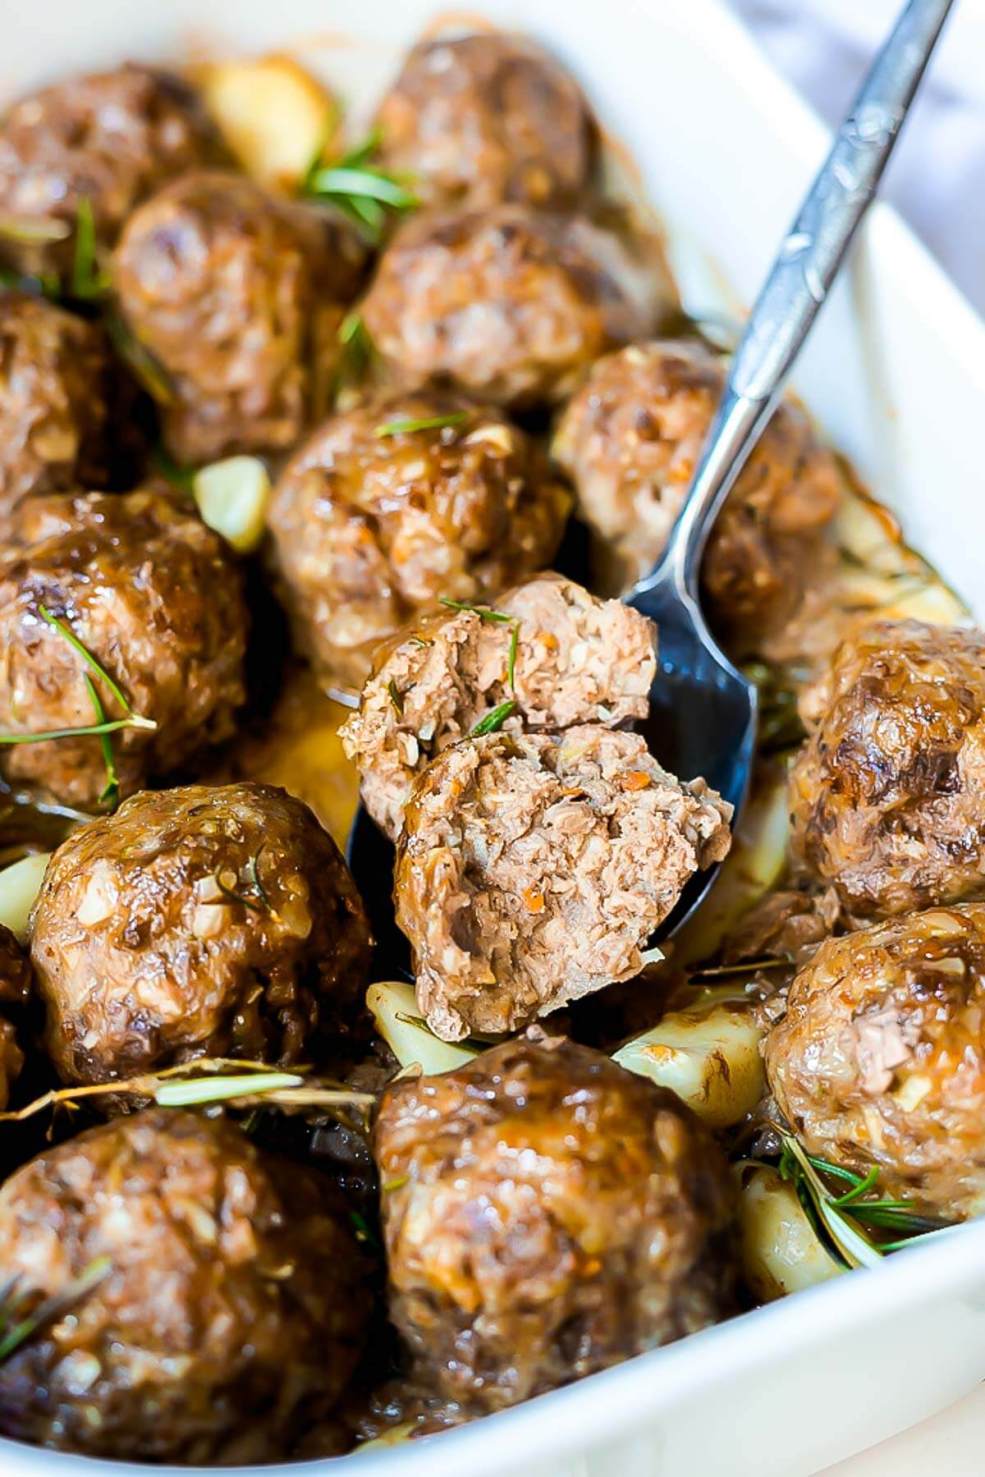 Garlic Rosemary Whole 30 Meatballs is one of our 25 Paleo Whole30 Recipes 
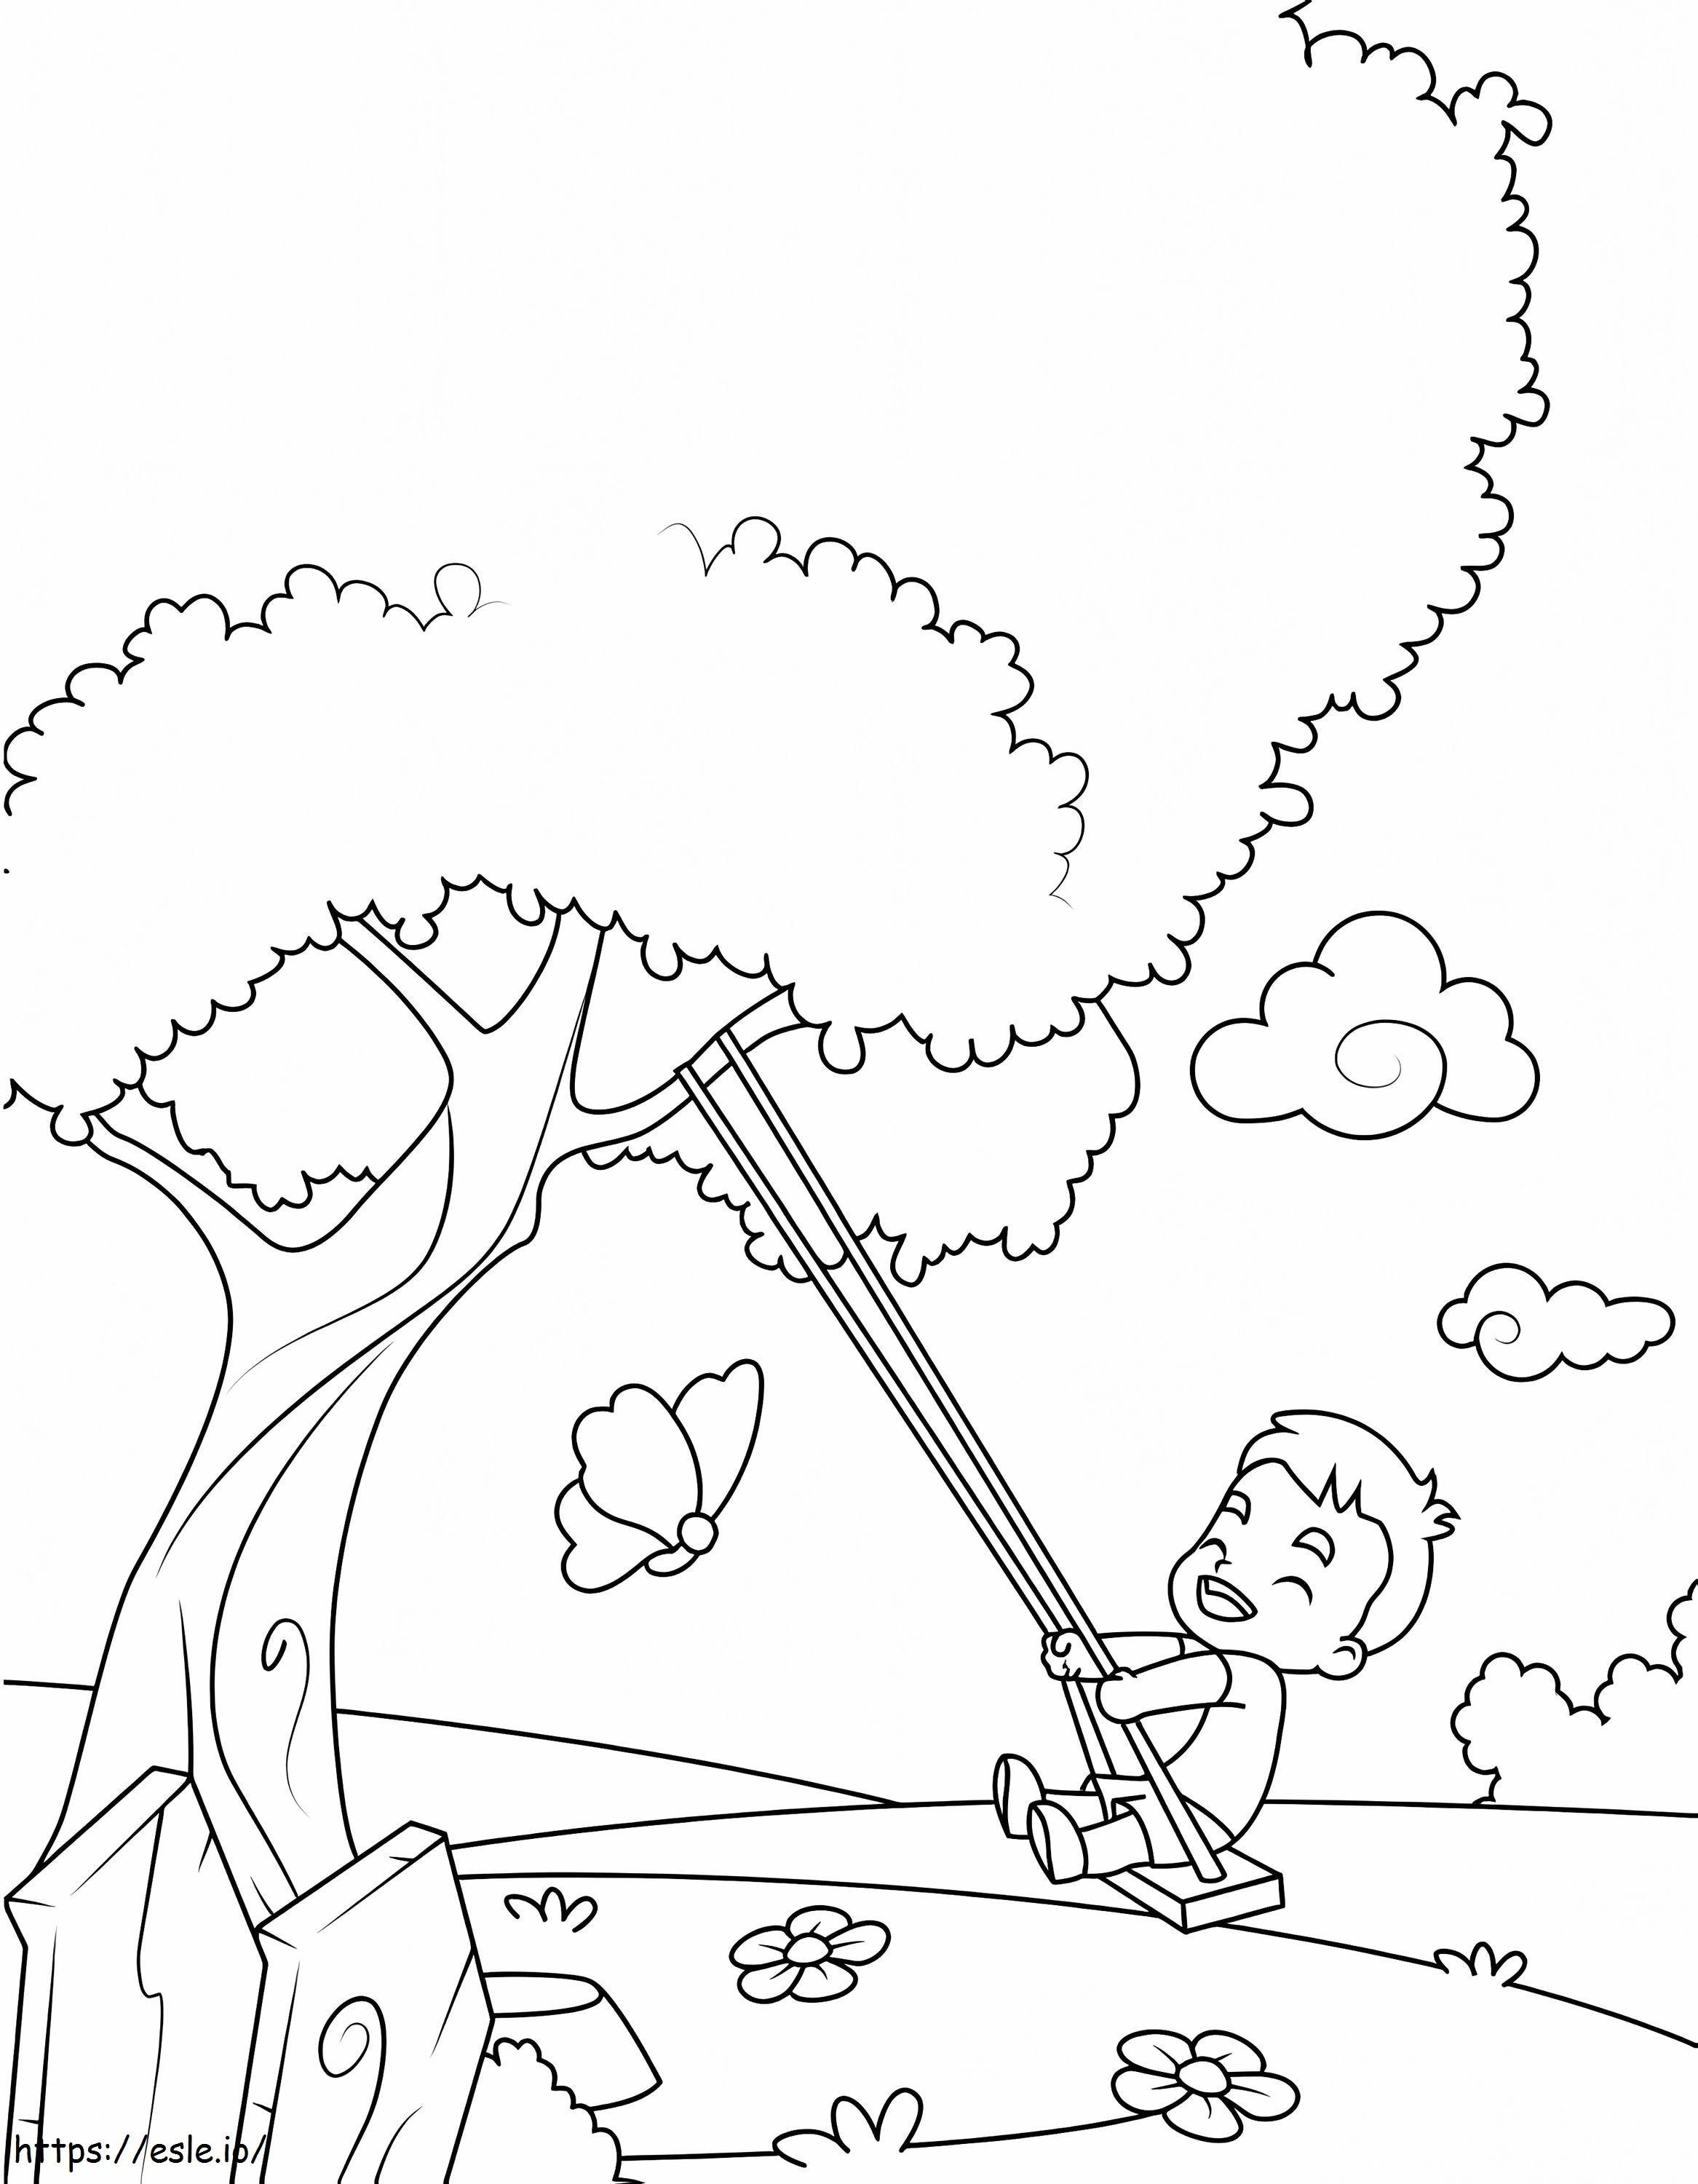 Child On Swing coloring page
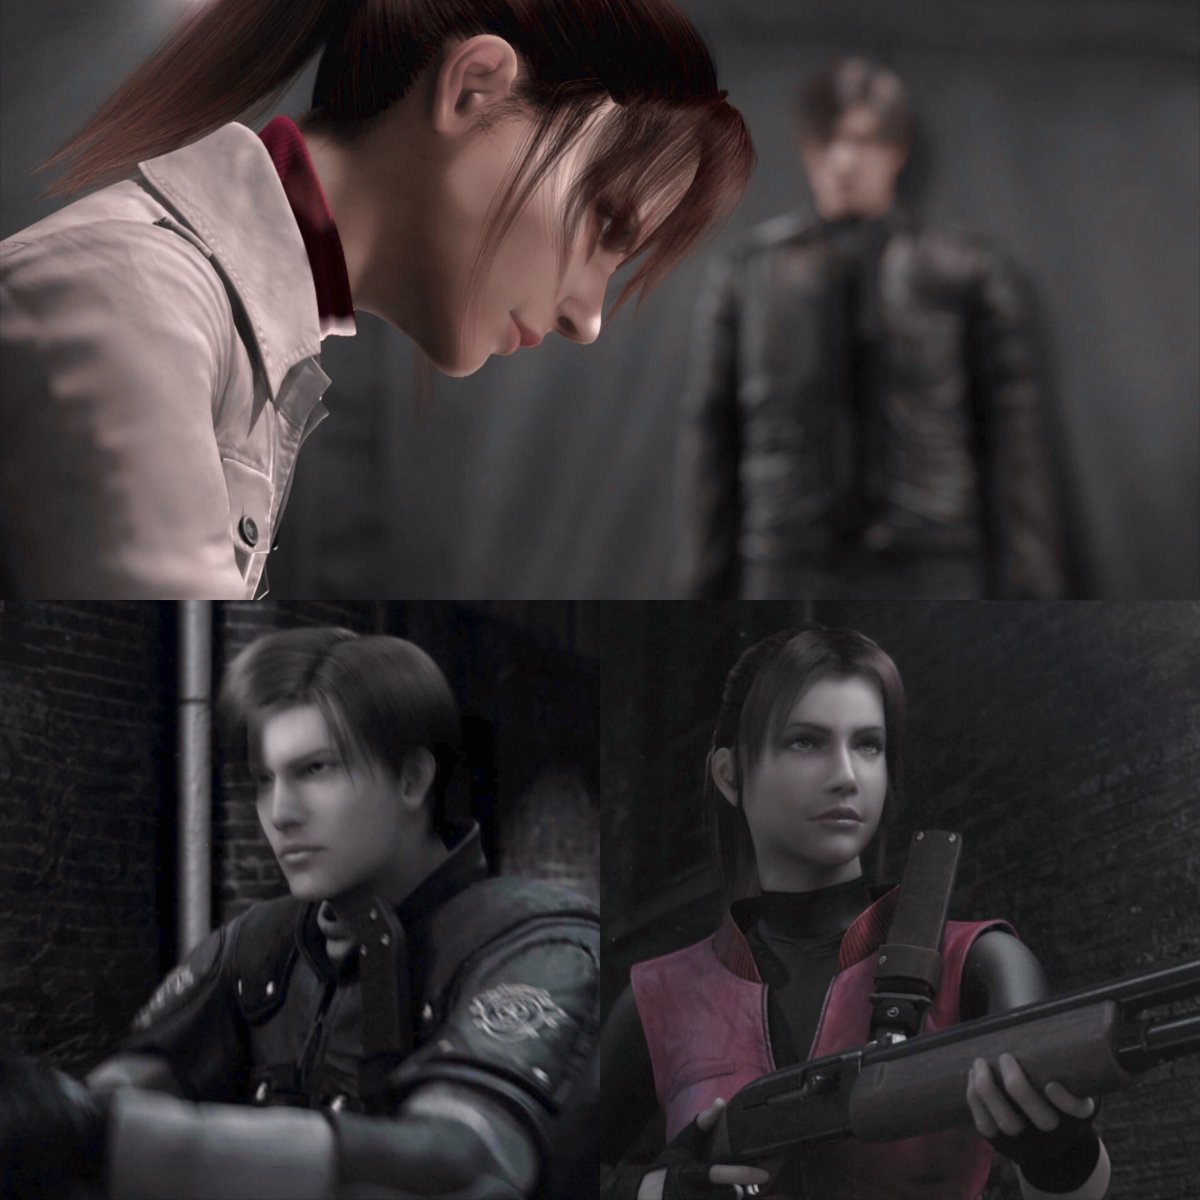 — claire and leon - re: degeneration 

#ClaireRedfield #LeonKennedy #REBHFun #ResidentEvil

========

= WHAT YOU SHOULD DO =
Each line above should be returned exactly as written, apart from any pictures.

= RESPONSE AREA =
 Garlic Rosemary Whole 30 Meatballs is one of our 25 Paleo Whole30 Recipes 
 Child On Swing coloring page
 — claire and leon - re: degeneration 

#ClaireRedfield #LeonKennedy #REBHFun #ResidentEvil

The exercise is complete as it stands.